4. dig and DNS Resolution

Estimated time: 30 minutes

DNS (Domain Name System) translates hostnames to IP addresses. It is the first thing that happens when you connect to any server by name. When DNS fails or returns the wrong answer, everything above it fails. “The API is down” is frequently “DNS resolution changed.”

Basic Queries

# Query the A record (IPv4 address) for a domain
dig example.com

# Query a specific record type
dig example.com MX       # mail servers
dig example.com AAAA     # IPv6 addresses
dig example.com TXT      # text records (SPF, DKIM, domain verification)
dig example.com CNAME    # canonical name (alias)
dig example.com NS       # nameservers
dig example.com SOA      # start of authority

# Just the answer, nothing else
dig +short example.com

# Query a specific DNS server (bypass system resolver)
dig @8.8.8.8 example.com           # Google's public DNS
dig @1.1.1.1 example.com           # Cloudflare's public DNS
dig @9.9.9.9 example.com           # Quad9

DNS Record Types

TypePurposeExample
AIPv4 addressexample.com -> 93.184.216.34
AAAAIPv6 addressexample.com -> 2606:2800:...
CNAMEAlias to another namewww.example.com -> example.com
MXMail serverexample.com -> mail.example.com
TXTArbitrary textSPF records, domain verification
NSAuthoritative nameserverexample.com -> ns1.example.com
SOAZone authority infoSerial number, refresh timers
PTRReverse DNS (IP to name)34.216.184.93 -> example.com

Tracing the Delegation Chain

# Trace DNS resolution from root servers to authoritative answer
dig +trace example.com

This shows the full delegation chain:

  1. Root servers (.) - “I don’t know example.com, but here are the .com servers”
  2. TLD servers (.com) - “I don’t know example.com, but here are its nameservers”
  3. Authoritative nameservers (ns1.example.com) - “Here’s the A record”

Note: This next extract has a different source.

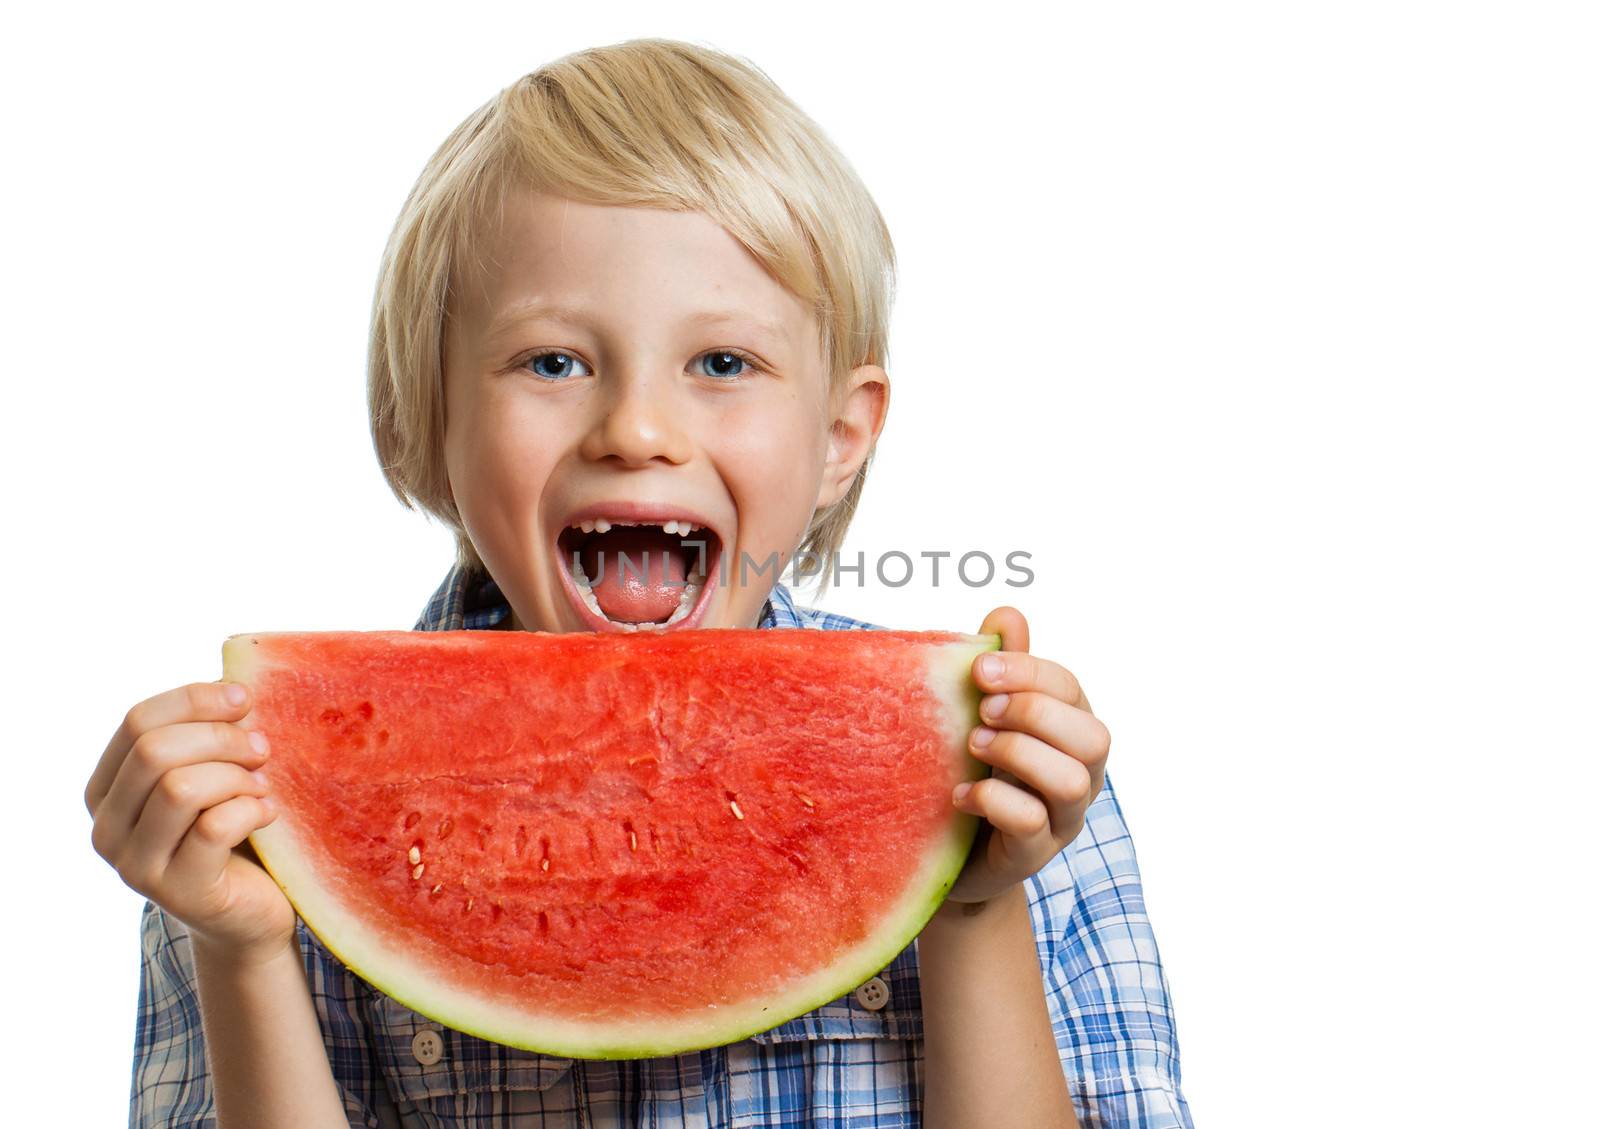 Smiling boy taking bite of water melon by Jaykayl

This is invaluable when DNS propagation seems slow or inconsistent. You can see exactly which nameserver is returning which answer.

Reverse DNS

# Look up the hostname for an IP address
dig -x 8.8.8.8
# Returns: dns.google

dig -x 1.1.1.1
# Returns: one.one.one.one

System DNS Configuration

# What DNS server does your system use?
cat /etc/resolv.conf

# What local overrides exist?
cat /etc/hosts

# The resolution order: /etc/hosts is checked BEFORE DNS
# Adding an entry to /etc/hosts overrides DNS for that hostname

To test with a local override:

# Add a temporary override (requires root)
sudo sh -c 'printf "127.0.0.1 fake.example.com\n" >> /etc/hosts'

# Verify it works
curl http://fake.example.com:8080/
# This connects to 127.0.0.1 regardless of what DNS says

# Remove the override when done
sudo sed -i '/fake.example.com/d' /etc/hosts

Quick Lookup Alternatives

# host - simpler output than dig, good for quick checks
host example.com
host -t MX example.com

# nslookup - older, less featureful than dig, still widely installed
nslookup example.com

dig is strictly more capable than both. Use host for quick checks when you just want the IP. Use dig for any real diagnosis.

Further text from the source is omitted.